START Working data

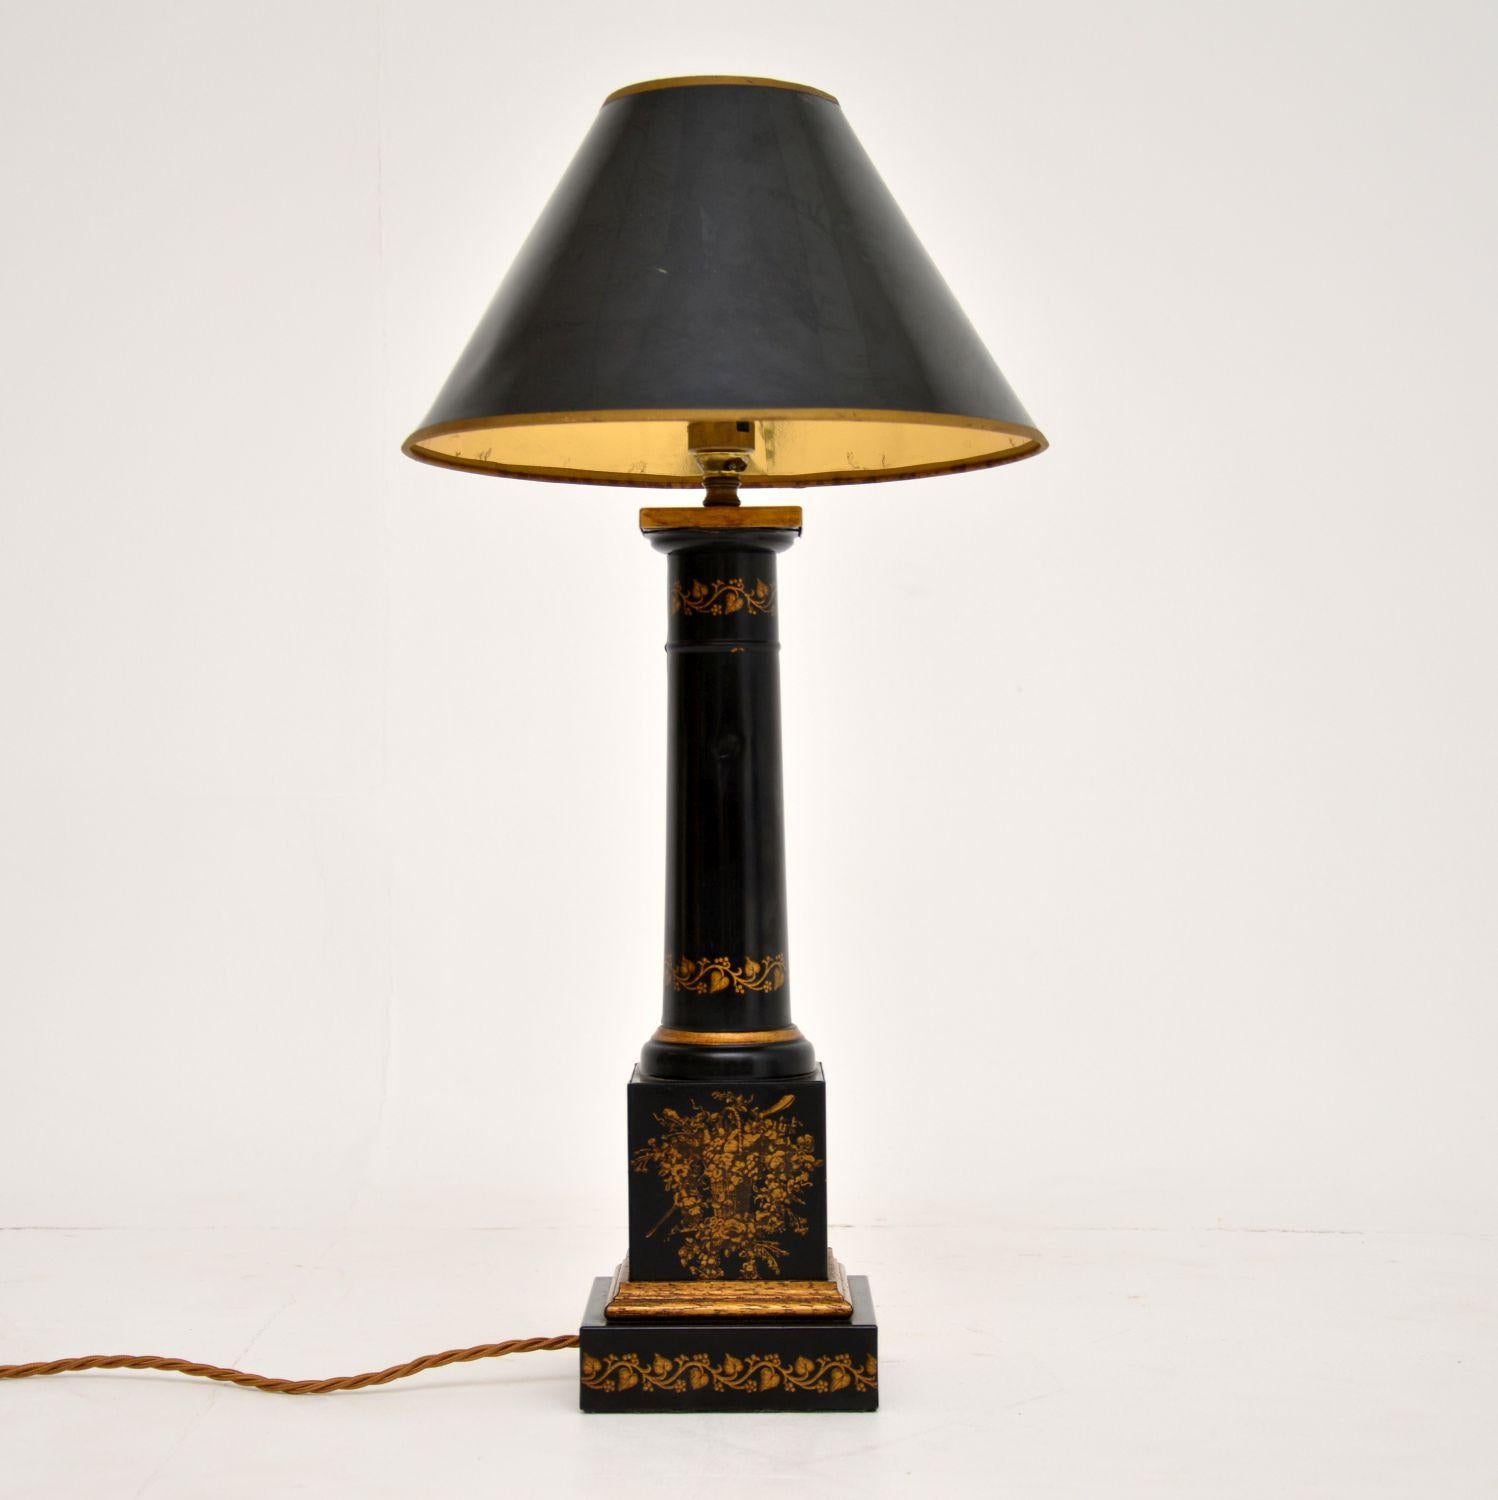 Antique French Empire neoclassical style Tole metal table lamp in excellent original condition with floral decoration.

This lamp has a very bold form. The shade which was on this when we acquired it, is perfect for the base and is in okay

END Working data
START Working data

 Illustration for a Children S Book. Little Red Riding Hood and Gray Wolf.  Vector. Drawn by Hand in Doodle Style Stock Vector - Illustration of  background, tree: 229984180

END Working data

== What the task asks ==
Pictures aside, return exactly the lines from the data above, starting at the line that has "Antique French Empire" and ending at the line that has "This lamp has", both included.

== Answer to this task ==
 Antique French Empire neoclassical style Tole metal table lamp in excellent original condition with floral decoration.

This lamp has a very bold form. The shade which was on this when we acquired it, is perfect for the base and is in okay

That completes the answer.